◆ EXERCISE DESCRIPTION ◆
Reproduce, word for word, the lines in the material below starting with the one that has "Magnolia Bank Platinum Card" and going on through the one that has "Mua xe ba gác". Leave out all pictures.

◆ RAW DATA ◆
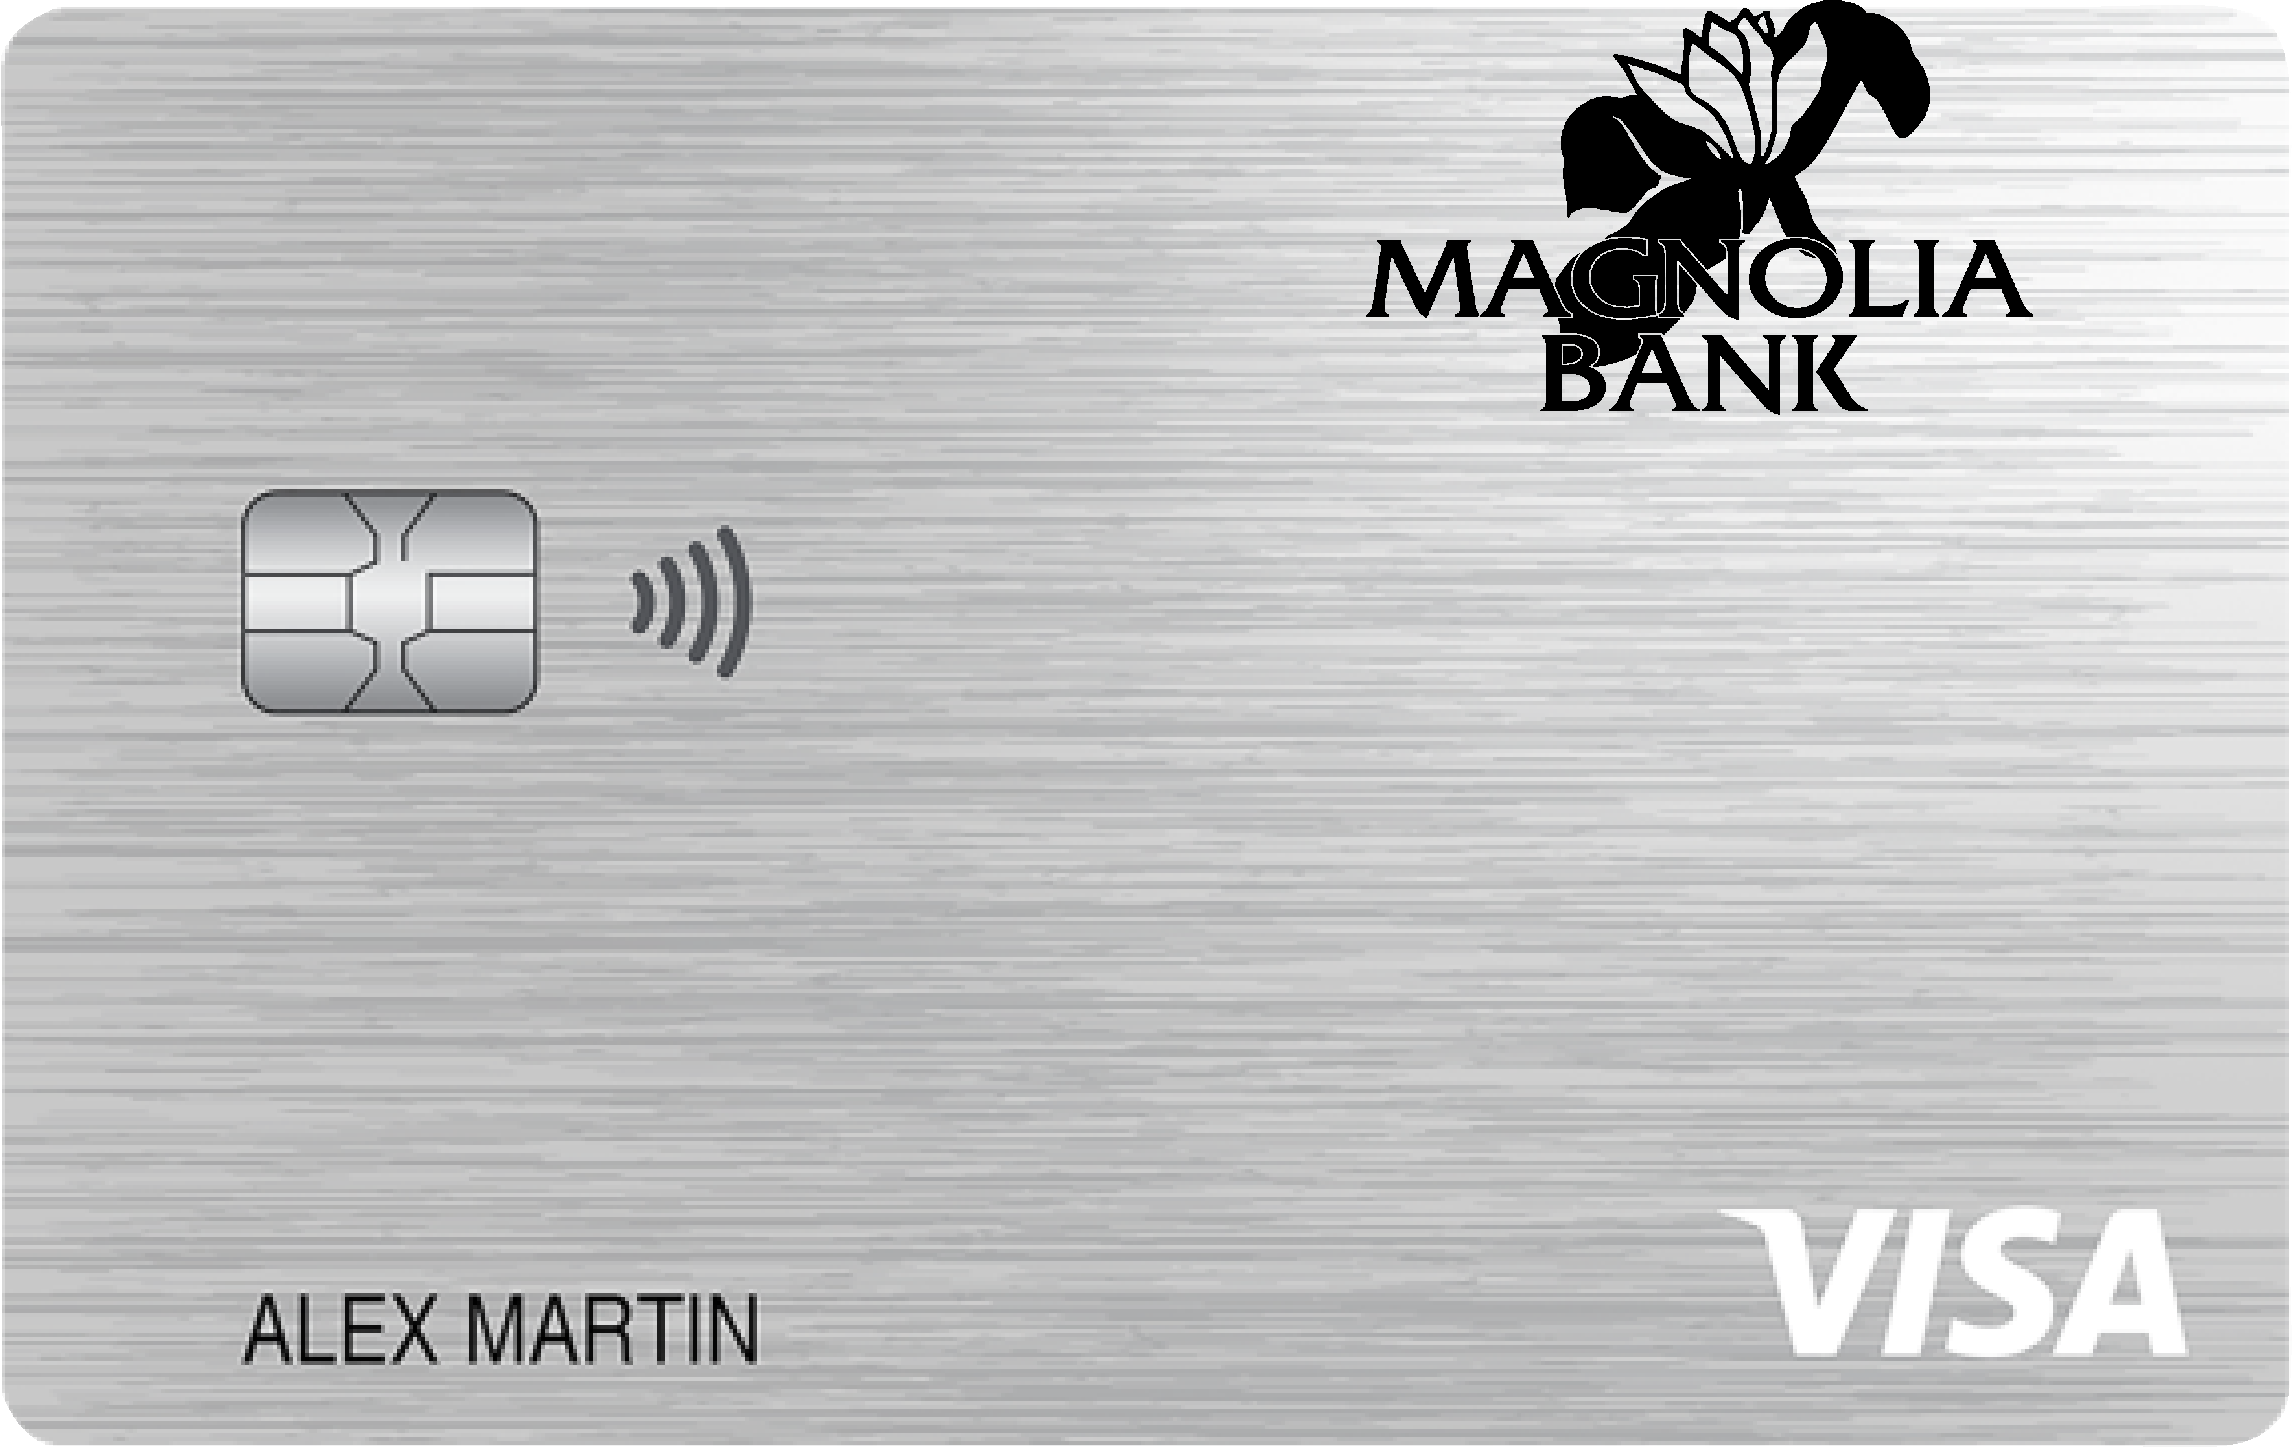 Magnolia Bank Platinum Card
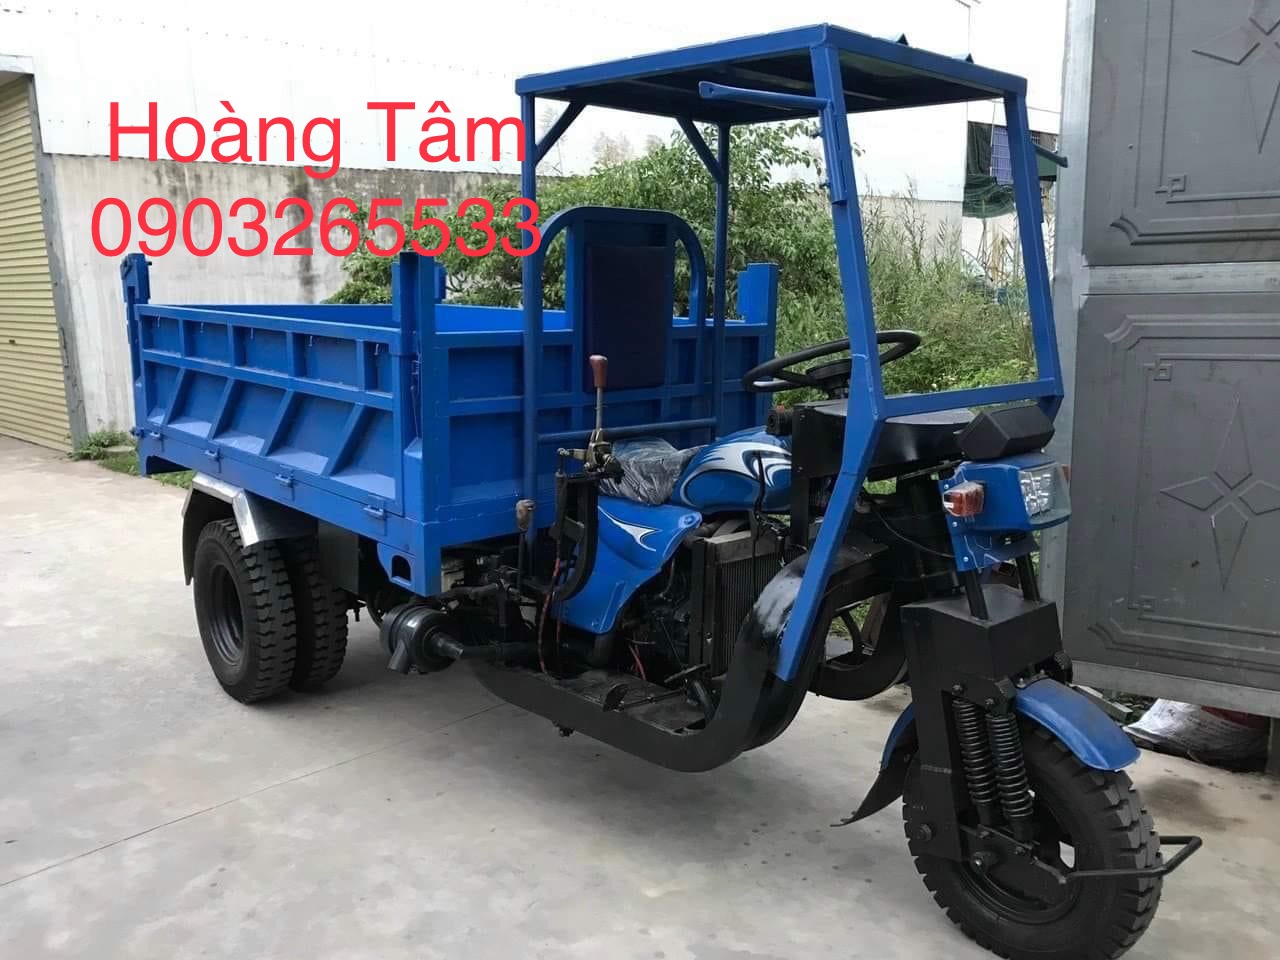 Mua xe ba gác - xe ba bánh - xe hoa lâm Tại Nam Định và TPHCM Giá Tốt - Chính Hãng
...
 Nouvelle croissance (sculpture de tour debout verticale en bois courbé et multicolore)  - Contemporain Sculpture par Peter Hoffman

◆ RESPONSE BOX ◆
 Magnolia Bank Platinum Card
 Mua xe ba gác - xe ba bánh - xe hoa lâm Tại Nam Định và TPHCM Giá Tốt - Chính Hãng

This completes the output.